## Instructions to follow:
Starting with the line that contains "安徽TM-220圆瓶自动贴标机厂家直销" and stopping after the line that contains "Gluten-free Buckwheat Almond", return each line below exactly as written, with no others.

## Dataset records:

* * *

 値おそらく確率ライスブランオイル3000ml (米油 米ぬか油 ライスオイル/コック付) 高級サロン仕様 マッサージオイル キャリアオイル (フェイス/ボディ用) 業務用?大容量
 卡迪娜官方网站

* * *

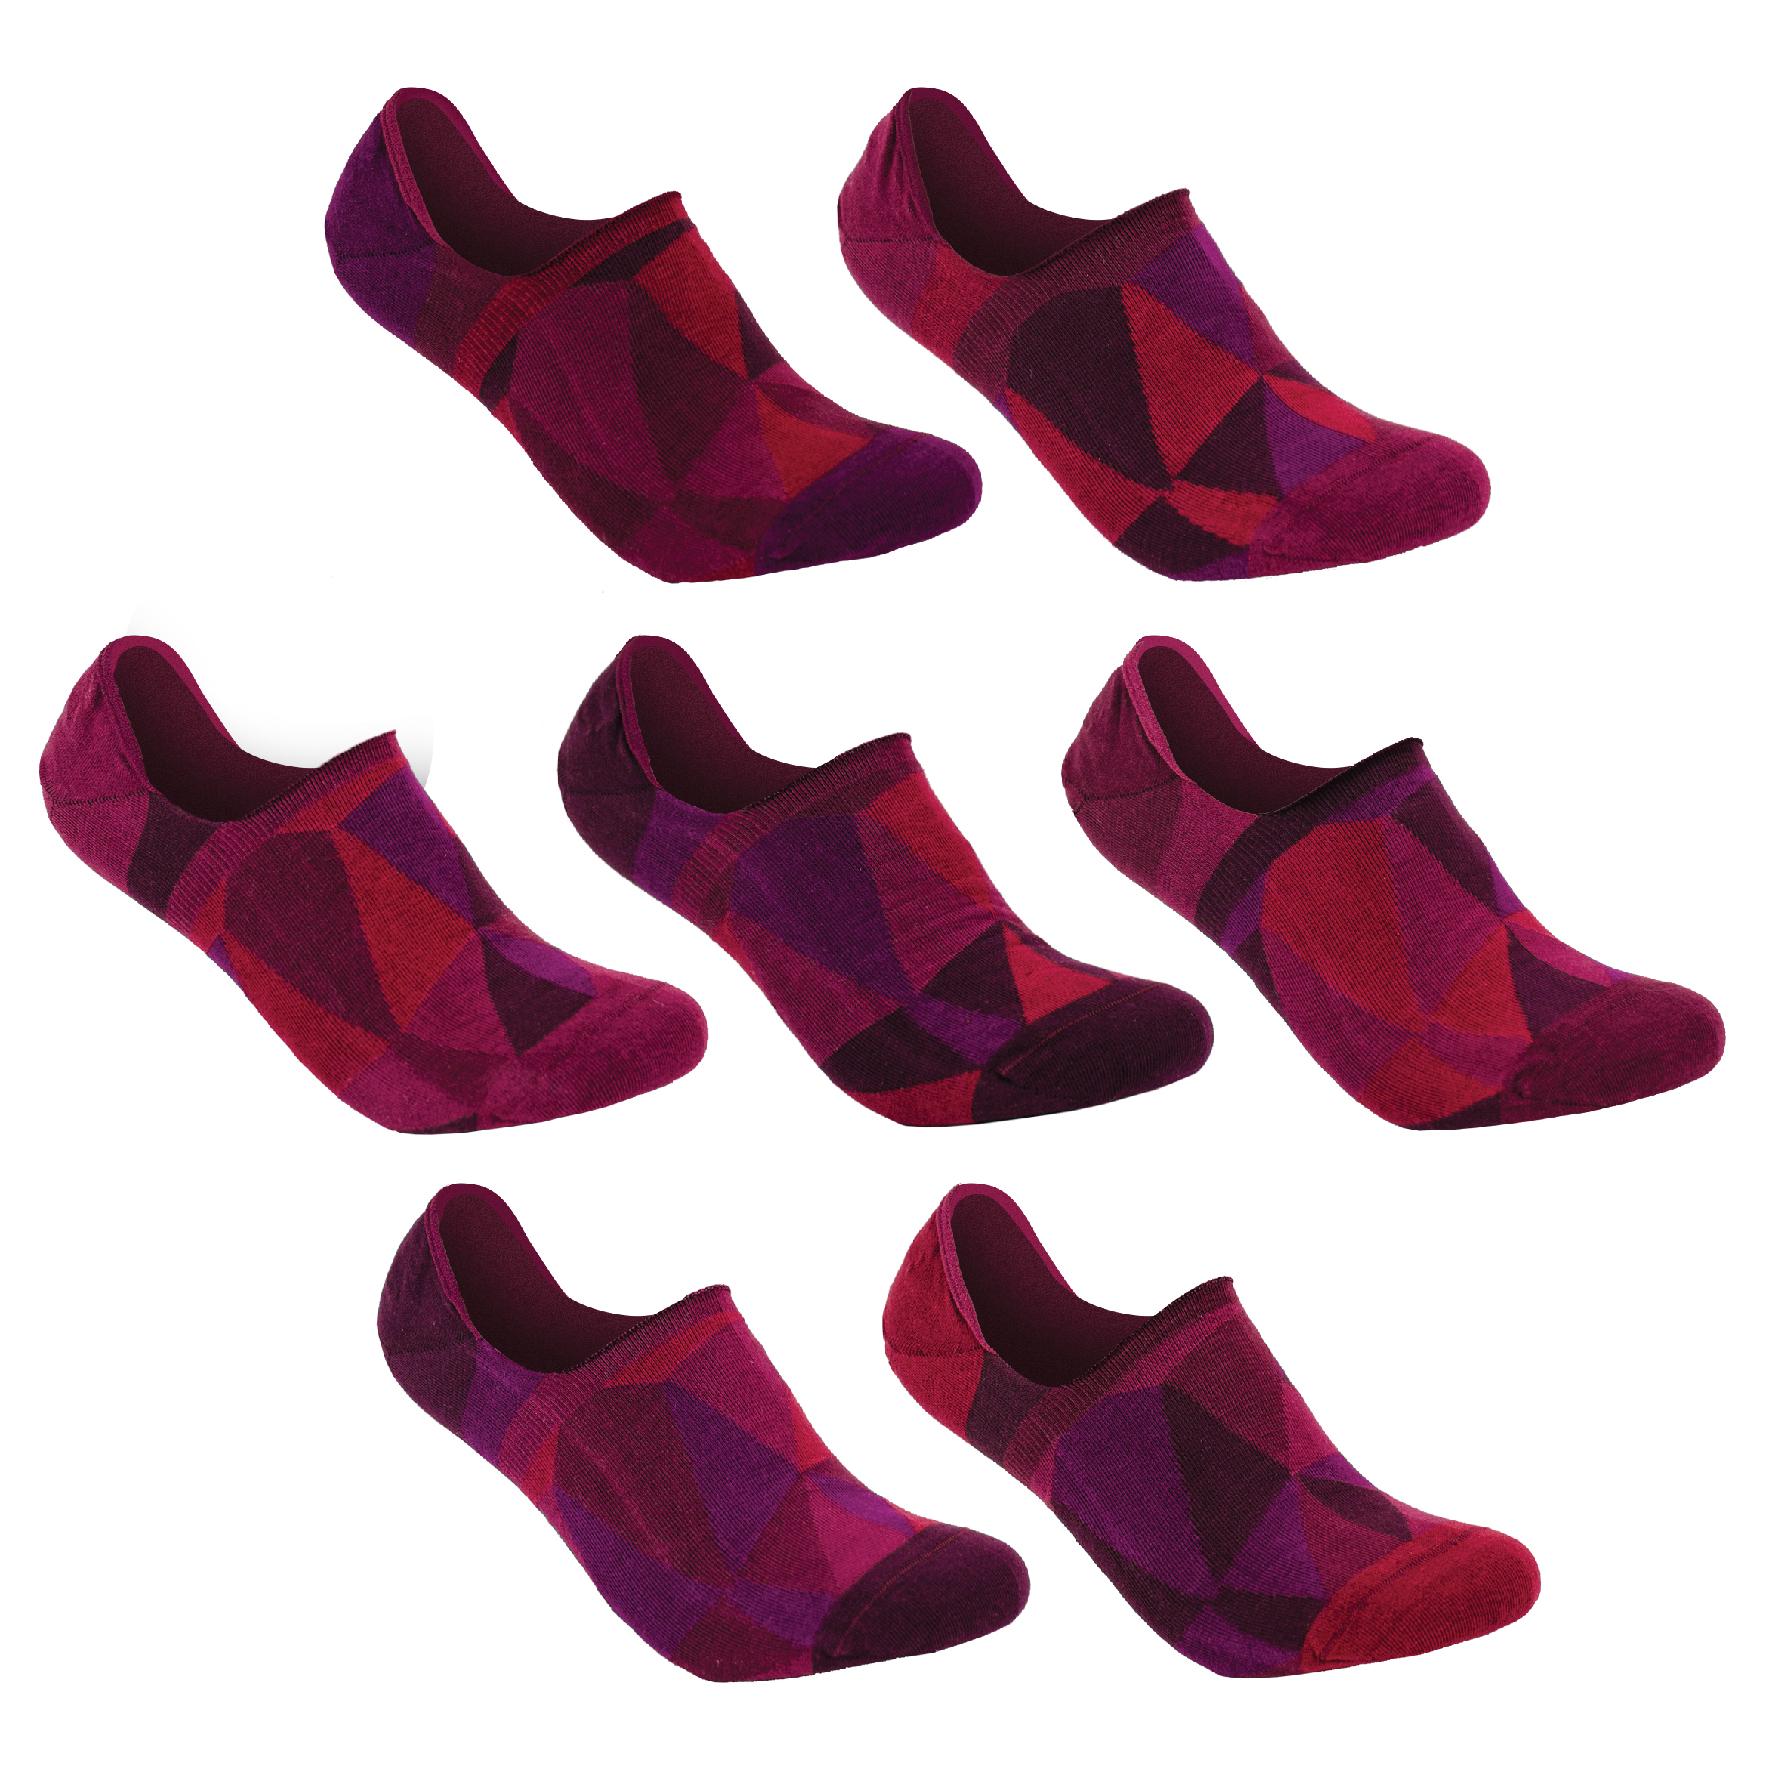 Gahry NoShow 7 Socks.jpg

* * *

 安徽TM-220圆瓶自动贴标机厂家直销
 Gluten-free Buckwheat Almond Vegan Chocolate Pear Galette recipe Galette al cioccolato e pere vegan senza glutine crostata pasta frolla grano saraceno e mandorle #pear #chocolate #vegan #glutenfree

* * *

## Answer area:
 安徽TM-220圆瓶自动贴标机厂家直销
 Gluten-free Buckwheat Almond Vegan Chocolate Pear Galette recipe Galette al cioccolato e pere vegan senza glutine crostata pasta frolla grano saraceno e mandorle #pear #chocolate #vegan #glutenfree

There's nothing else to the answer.